Any decent spots in Navarre to catch some blue crabs. Have some family coming in town and they want to go. Going to be hand lining 


Sent from my iPhone using Tapatalk


----------



## Simonj31 (Mar 6, 2014)

Ive put traps out in front of the bathrooms/pavilion at Navarre park numerous times. Its very grassy and has always produced for me.


----------



## Saltlife Newb (Sep 10, 2017)

Simonj31 said:


> Ive put traps out in front of the bathrooms/pavilion at Navarre park numerous times. Its very grassy and has always produced for me.




Thanks boss. 


Sent from my iPhone using Tapatalk


----------



## Saltlife Newb (Sep 10, 2017)

Simonj31 said:


> Ive put traps out in front of the bathrooms/pavilion at Navarre park numerous times. Its very grassy and has always produced for me.




Left at the stop sign once over the bridge 


Sent from my iPhone using Tapatalk


----------



## Simonj31 (Mar 6, 2014)

Saltlife Newb said:


> Left at the stop sign once over the bridge
> 
> 
> Sent from my iPhone using Tapatalk


Yes. Left at the light at the end of the bridge. Then on your left right before East River Smokehouse. I have NOT put traps there yet this year. But I just pulled these out of my traps near Hurlburt yesterday. Plenty of em around in the sound right now.


----------



## Saltlife Newb (Sep 10, 2017)

Simonj31 said:


> Yes. Left at the light at the end of the bridge. Then on your left right before East River Smokehouse. I have NOT put traps there yet this year. But I just pulled these out of my traps near Hurlburt yesterday. Plenty of em around in the sound right now.




Got cha. Those look nice. You soak your traps over night?


Sent from my iPhone using Tapatalk


----------



## Simonj31 (Mar 6, 2014)

24 hours on these.


----------



## Saltlife Newb (Sep 10, 2017)

Simonj31 said:


> 24 hours on these.




I be afraid some one is going to steal them 


Sent from my iPhone using Tapatalk


----------



## Simonj31 (Mar 6, 2014)

Ya that's an issue I haven't ran into yet. Im sure Im due.


----------



## Fishing Grandpa (Jul 2, 2017)

Simonj31 said:


> Yes.

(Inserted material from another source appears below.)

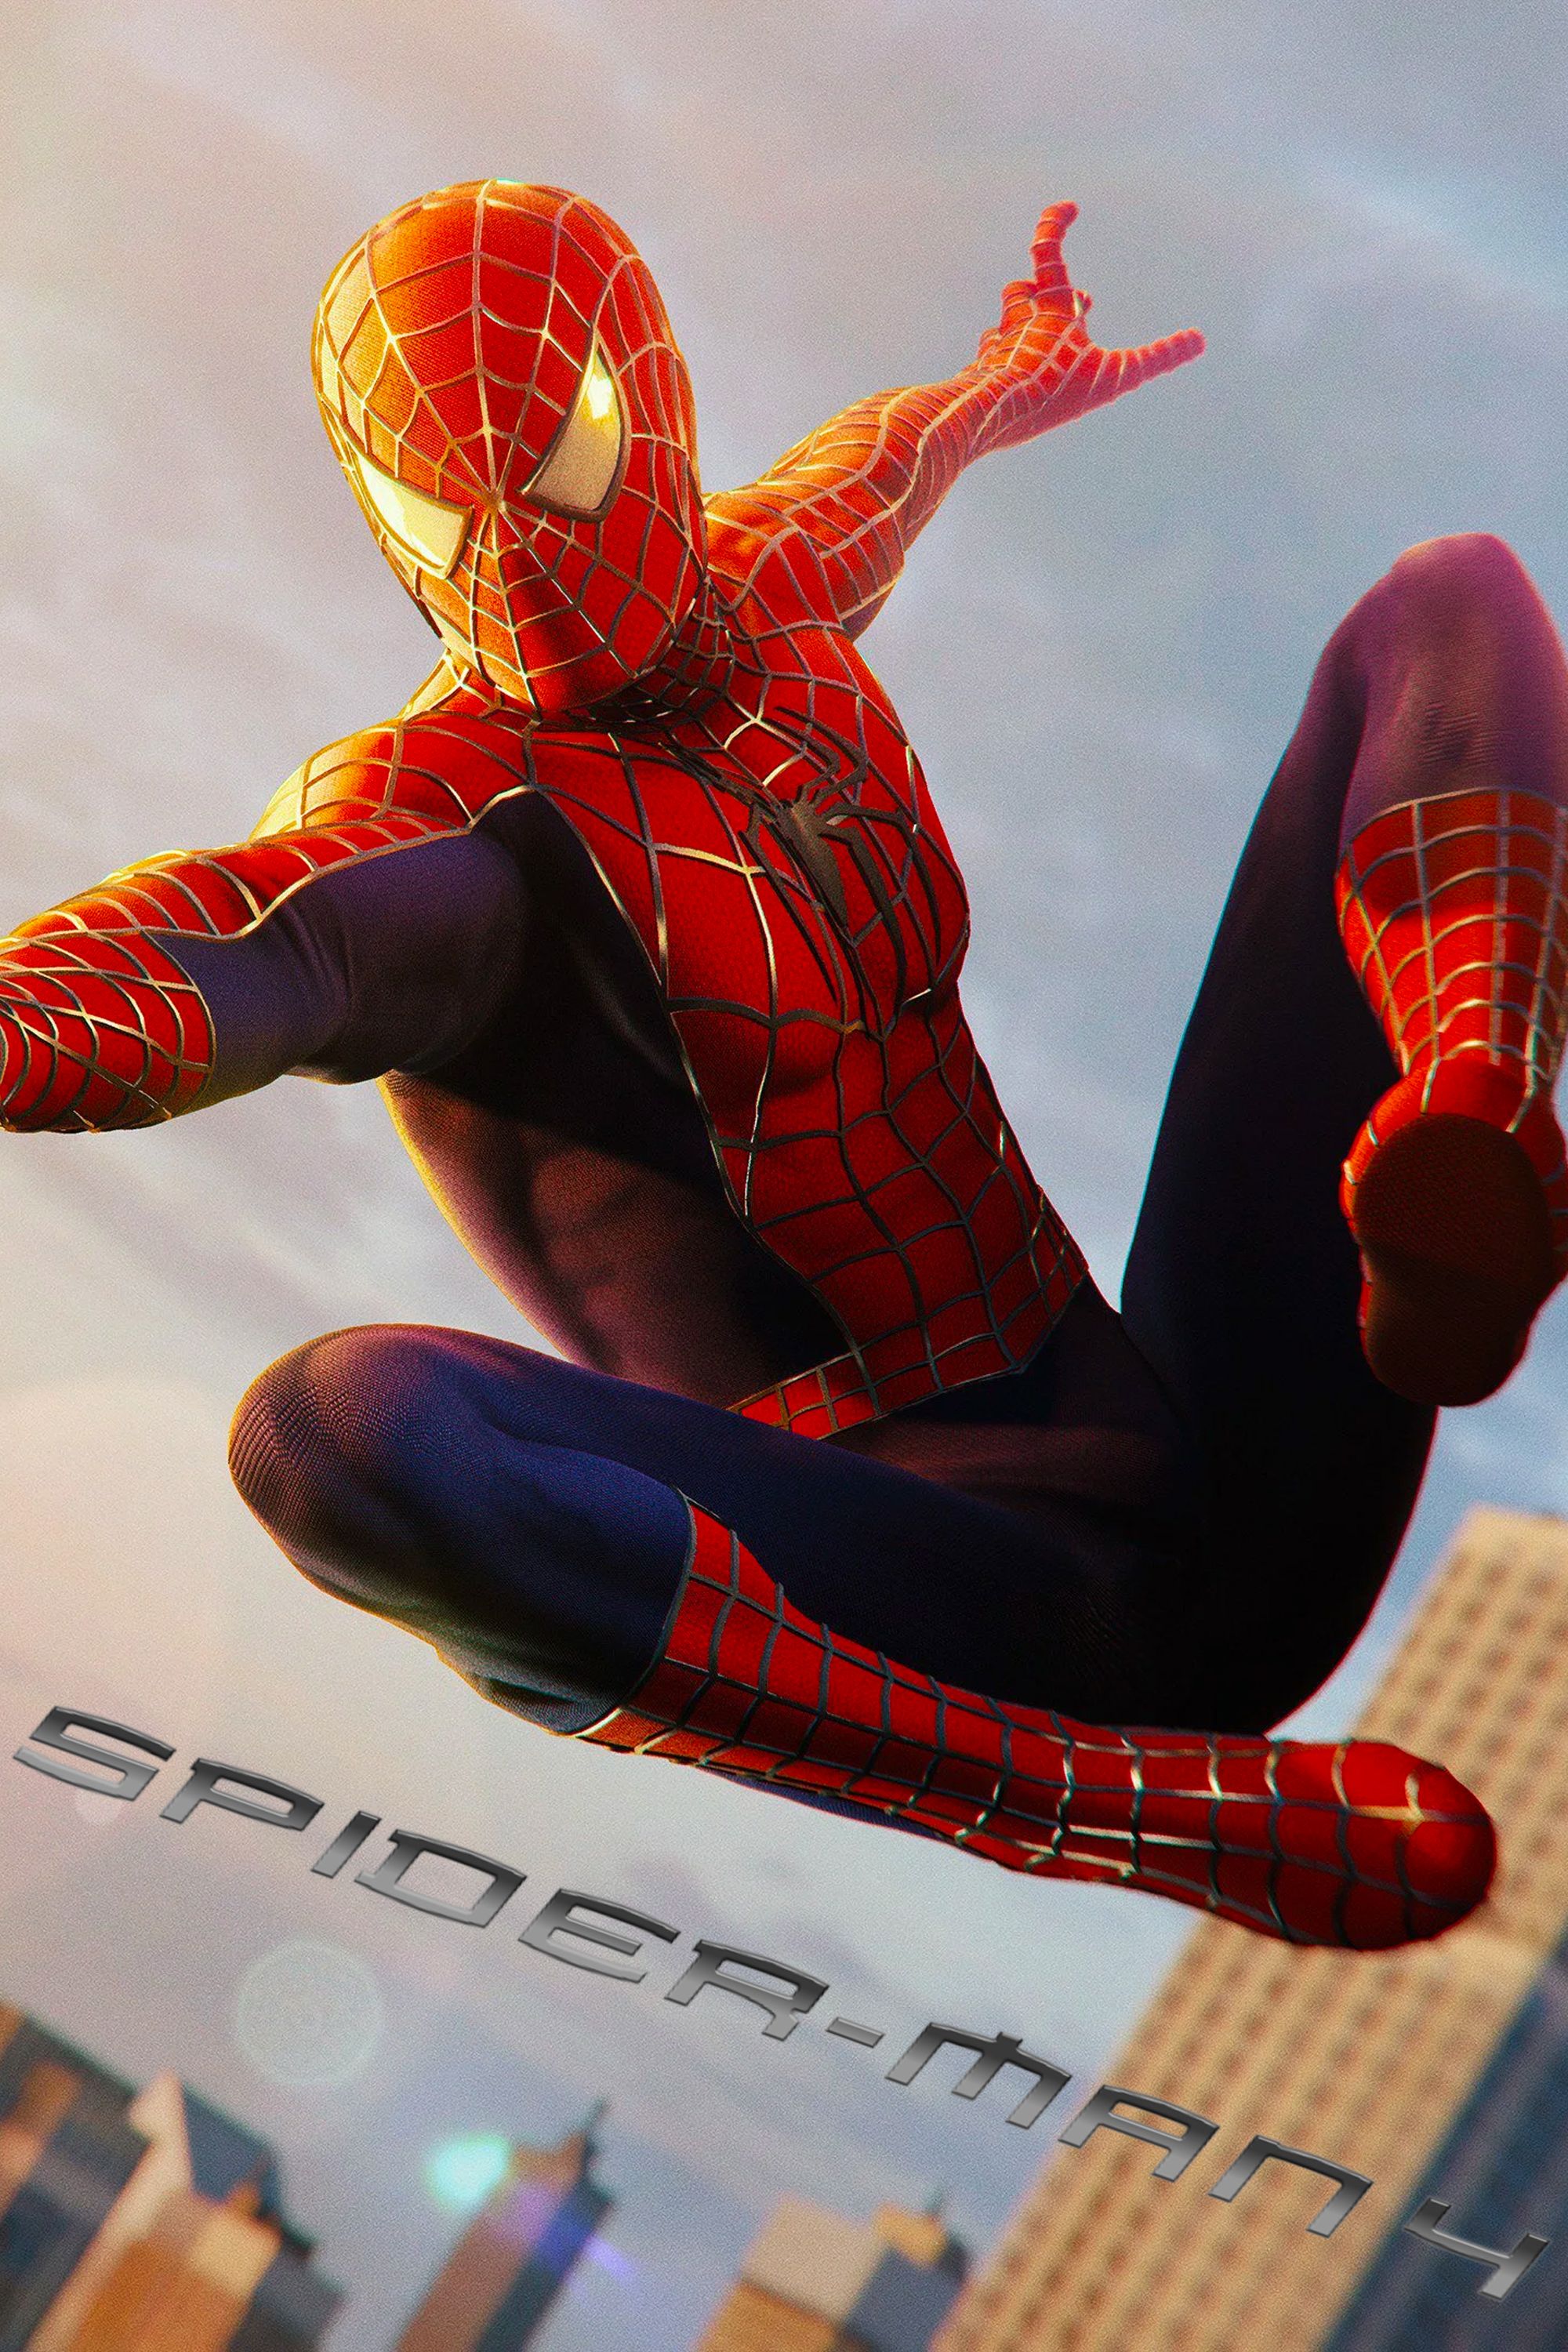 Spider-Man 4 Poster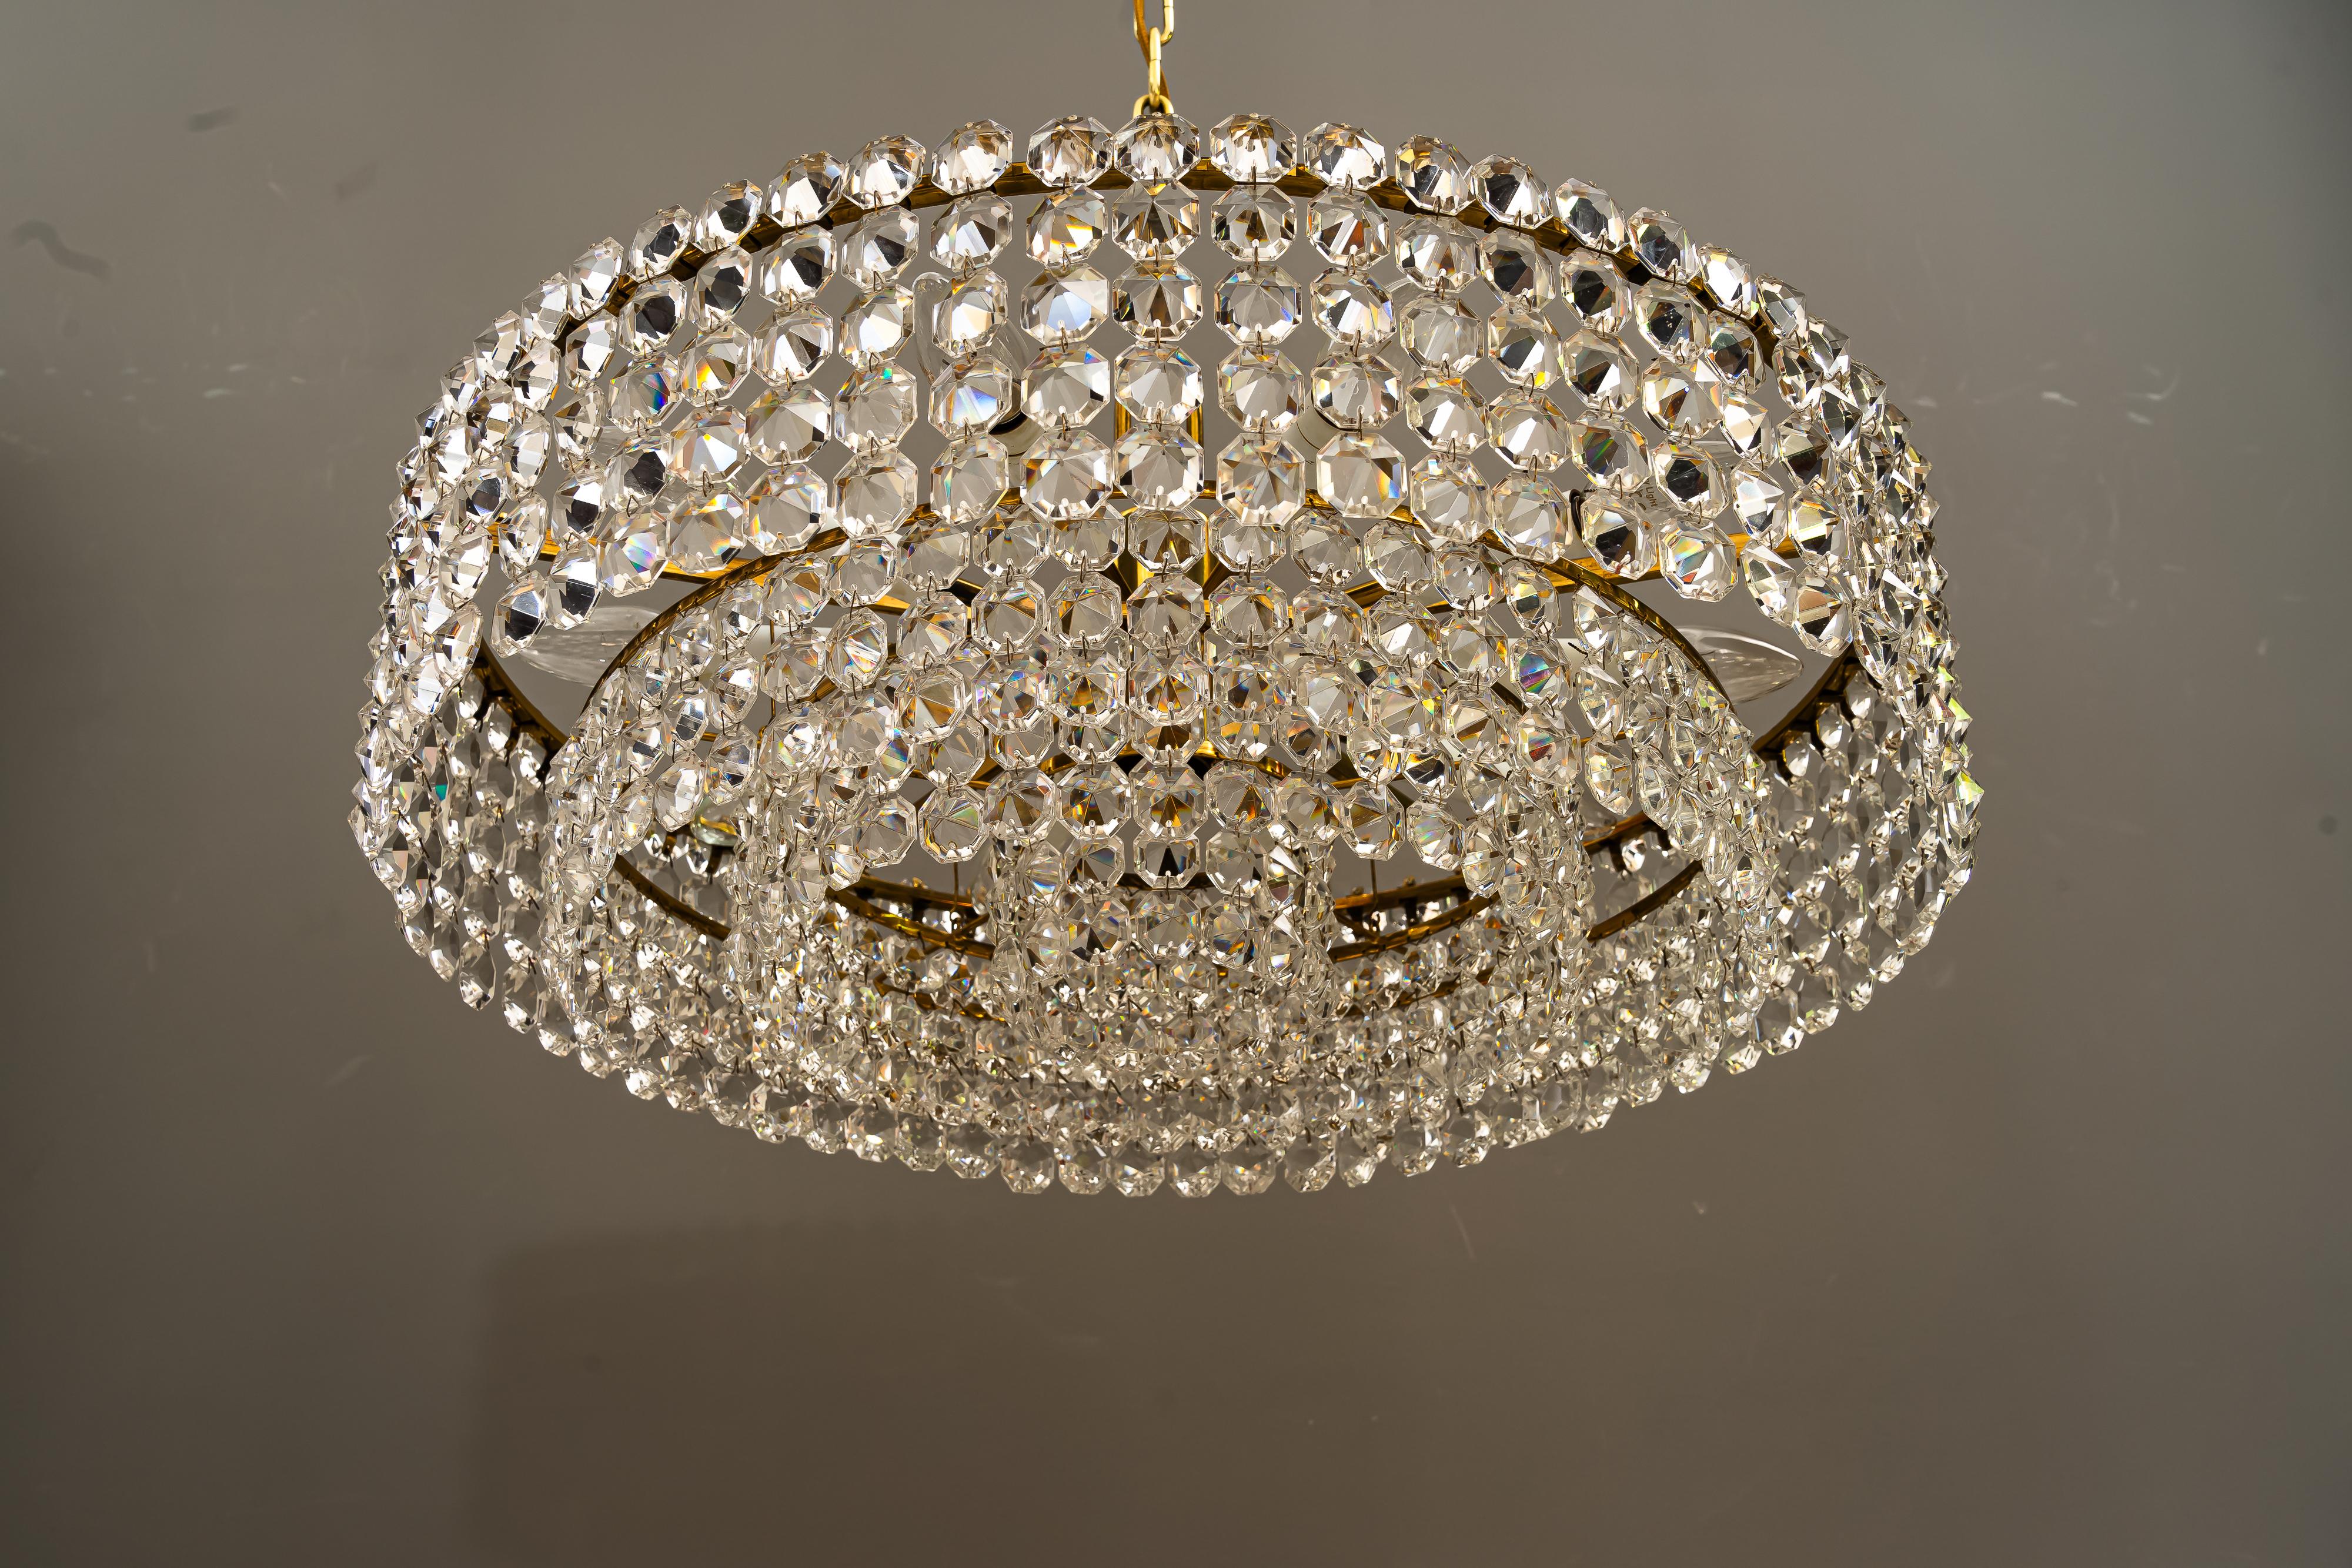 Brass J.L. Lobmeyr crystal chandelier vienna around 1950s ( signed ) For Sale

Left at the light at the end of the bridge. Then on your left right before East River Smokehouse. I have NOT put traps there yet this year. But I just pulled these out of my traps near Hurlburt yesterday. Plenty of em around in the sound right now.


 Wow, never caught them all cooked up like that!


----------



## Simonj31 (Mar 6, 2014)

Fishing Grandpa said:


> Simonj31 said:
> 
> 
> > Yes. Left at the light at the end of the bridge. Then on your left right before East River Smokehouse. I have NOT put traps there yet this year. But I just pulled these out of my traps near Hurlburt yesterday. Plenty of emaround in the sound right now.
> ...


That’s why it’s my secret spot! lol


----------